Drugs are affected by light, humidity, and oxygen, so interference can be eliminated by choosing appropriate packaging. When the prescription and process design cannot fully solve the influence of the above influencing factors, the design of the packaging material can be considered. For example, proper design of the space around the tablet can reduce the presence of oxygen and moisture, such as the size of the bottle and the size of the blister hole. For bottled preparations, it is sometimes necessary to consider adding a desiccant, and the type and weight of the desiccant also need to be considered. For drugs that are sensitive to oxygen, the oxygen permeability of the packaging material needs to be considered, and glass bottles are also an option. For injections, compatibility studies should be conducted in accordance with the packaging material compatibility guidelines. The selection of packaging materials can be rationalized by influencing factors, accelerated, and long-term tests. For relevant test design, refer to the relevant guidelines of ICH, Chinese Pharmacopoeia and CFDA.

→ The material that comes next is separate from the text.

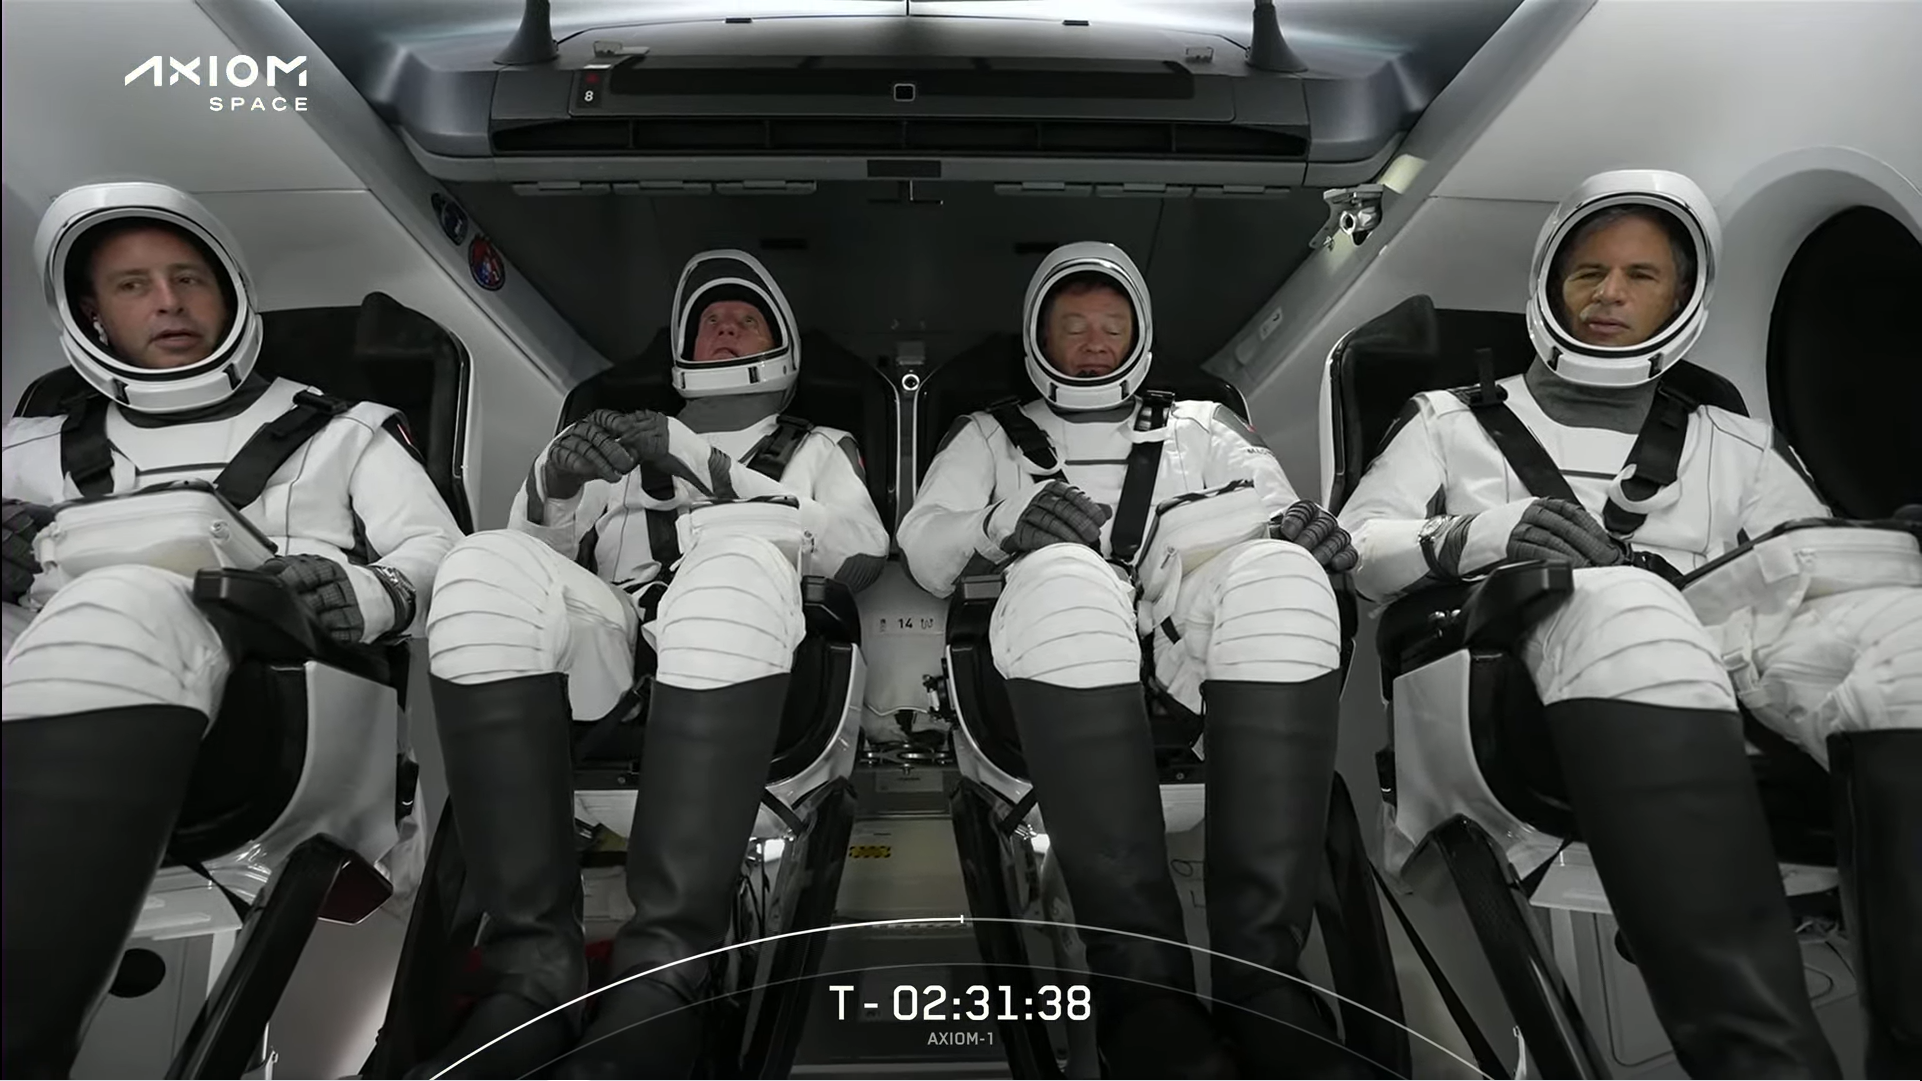 The four astronauts of Ax-1 strapped into the Endeavour before comms check.

Factors such as acid, alkali, heat, light, oxygen, and humidity have important effects on drug stability. A reasonable degradation test design can provide a quick and valuable reference for drug stability evaluation. Therefore, attention should be paid to the design of degradation test (as far as possible). Simulation of actual conditions, using weaker conditions), data analysis and prediction of the formal stability test. There are various prescription and non-prescription factors. When encountering unstable drugs, a large number of literature searches should be carried out to summarize the degradation pathways, degradation mechanisms, and sensitive factors of the drugs, and rational design should be adopted in the development of the prescription process and the selection of packaging materials. avoid risk.
The impurity control strategy should be systematically analyzed and deeply understood based on the characteristics of the source (main drug, auxiliary material), process (production process, production environment) and end point (drug, packaging material) of the preparation. Analysts have transformed from traditional passive research to active thinking, which is also of great significance to R&D team collaboration and personnel growth.